Fair of Rathwa tribe of Chhota Udaipur area

Kawant fair (also spelled Kavant fair) is a fair of Bhil and Koli people of Chhota Udaipur area. It is held in Kawant village immediately after Holi festival.

At the Kawant fair, tribal youths are seen dancing with drums and other musical instruments. Tribal men and women wear a bouquet of peacock feathers on their heads and use it to express their love for birds.

== Time and place ==
The Kawant fair is held on the fifth day after Holi at Kawant village in Chhota Udaipur district, the hometown of the Bhil tribes, about 114 km from Vadodara.

== Fair ==
Numerous tribal people from twenty five different villages and from Madhya Pradesh and Rajasthan come to this fair in colorful costumes. Many people from other countries also come to this fair to enjoy the tribal culture. The Bhil tribes are known as skilled archers.

The [Bhil] tribes live in houses made of bamboo, grass-leaves and mud in a forested area surrounded by shrubs.

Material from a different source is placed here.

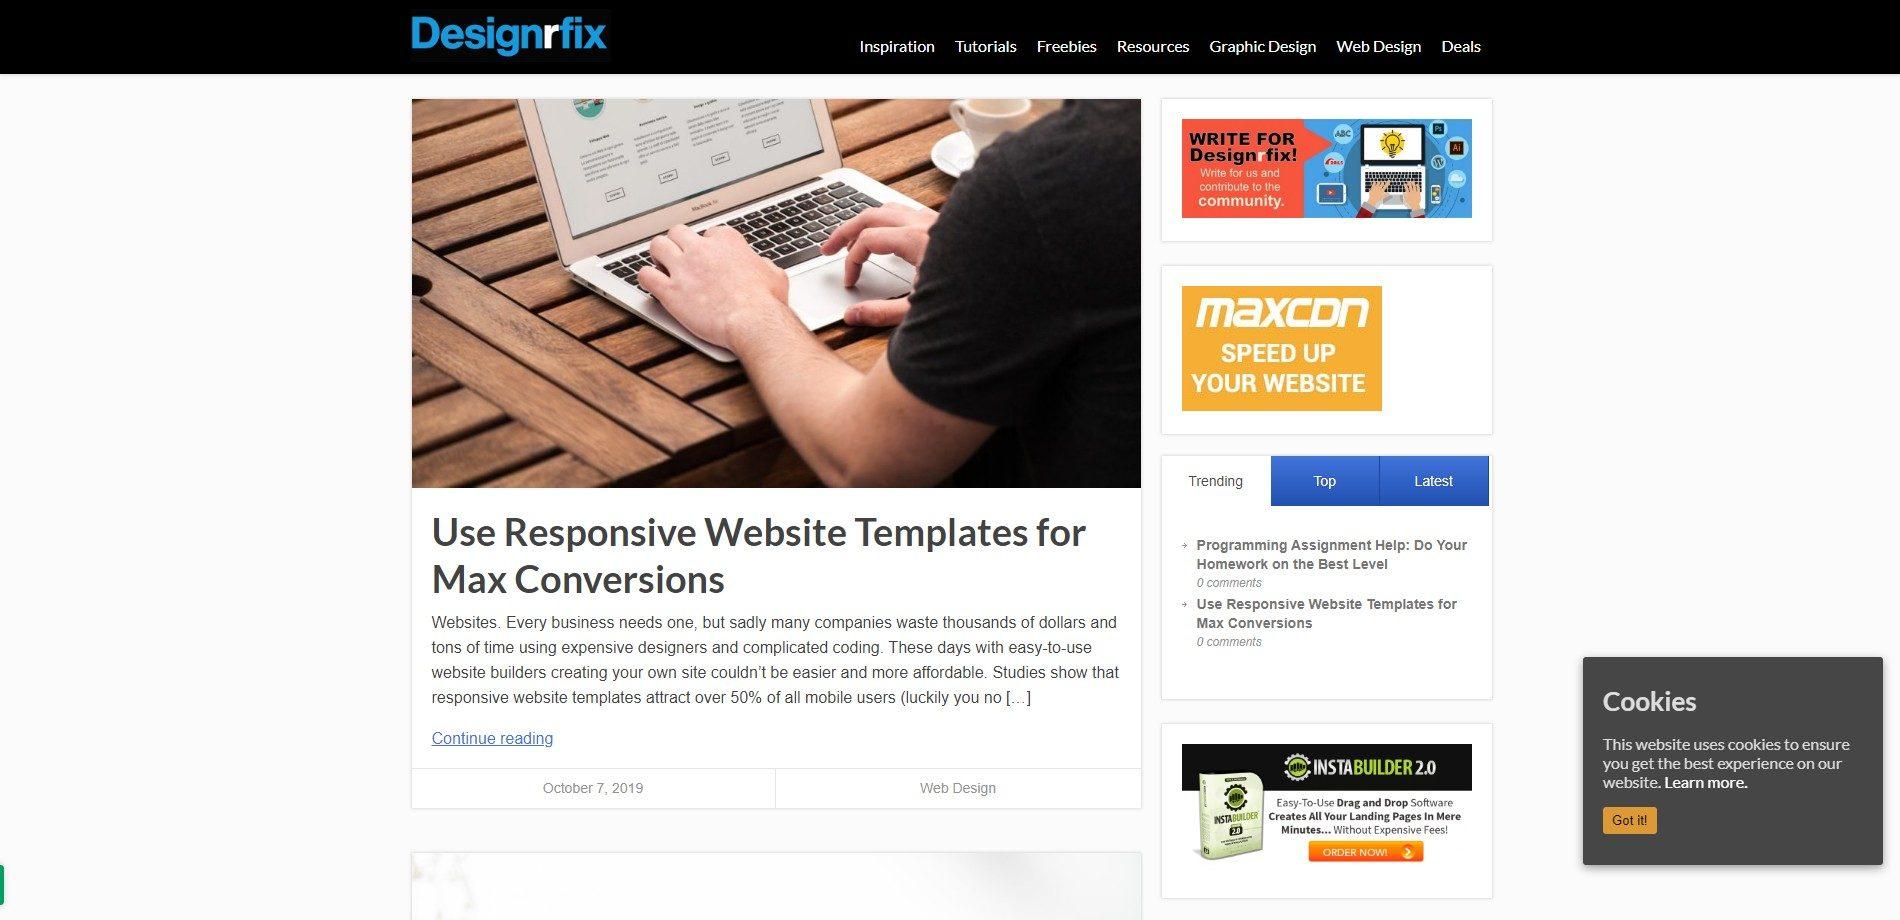 Designrfix - Web design blog
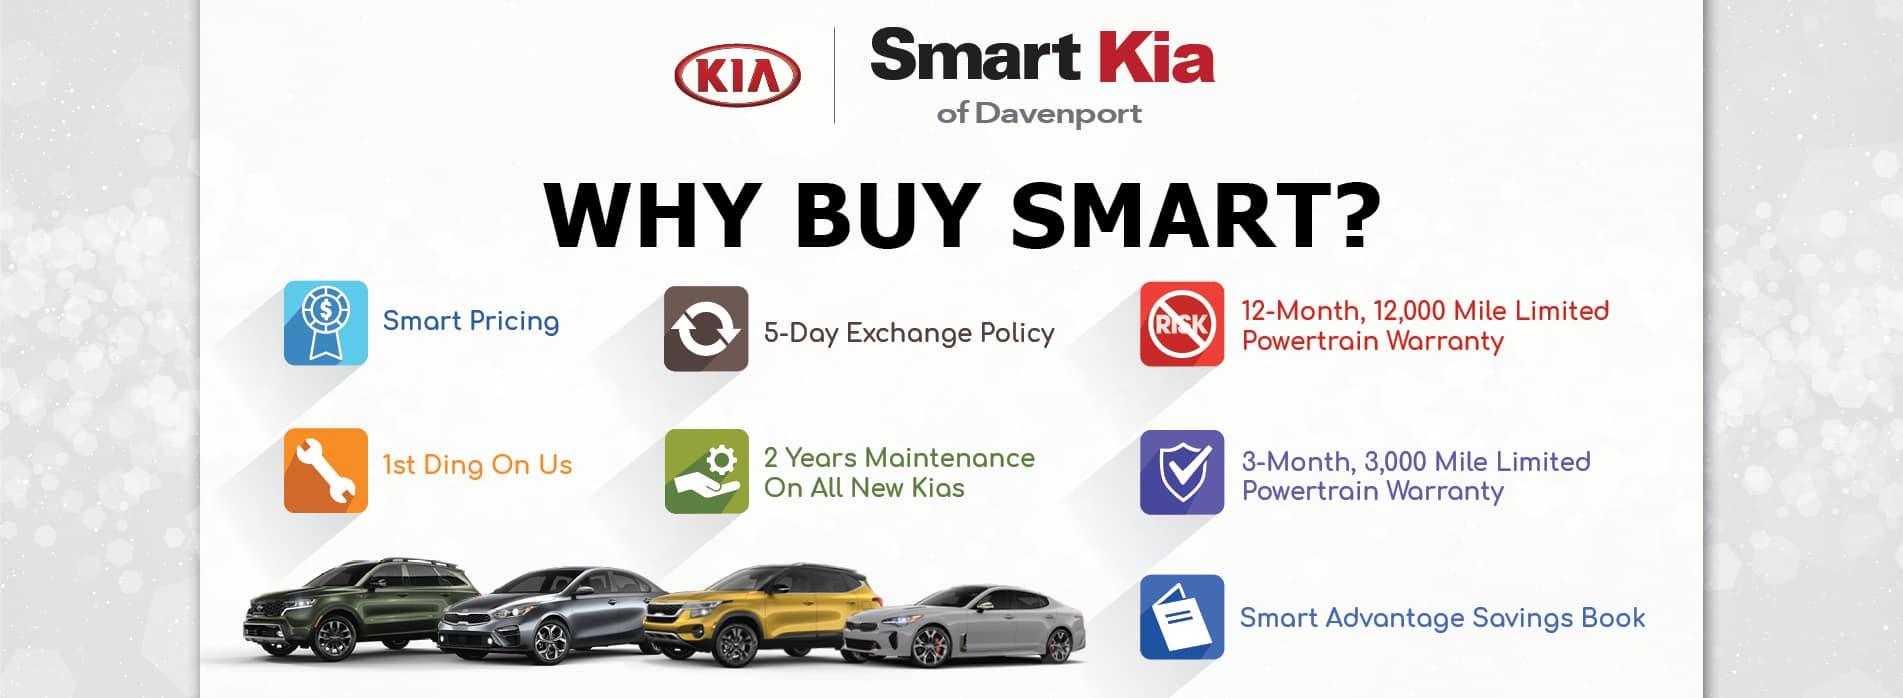 Why Buy Smart?

Similar paintings are painted by youngsters at the fair with white dots all over their bodies, and peacock feathers, colored bamboo hats, and ox-necked Ghughra tied around their necks. The drums are then played and the young men dance rhythmically to impress the young women. There is a rhythmic sound that is produced while dancing. Tribals also get married in this fair which is a part of their social life.

At the fair, the tribesmen place clay idols of horses and idols of other deities at the deity's shrine outside the village. They believe that doing so makes God happy. Music and dance have a special significance in the Kwant fair. The festival scene is enlivened by various musical instruments like Jodia Pava, Dhol and Piho. They look different because of their colorful clothes and beautiful ornaments at the fair. The Kwant Fair is a fair that preserves tribal culture.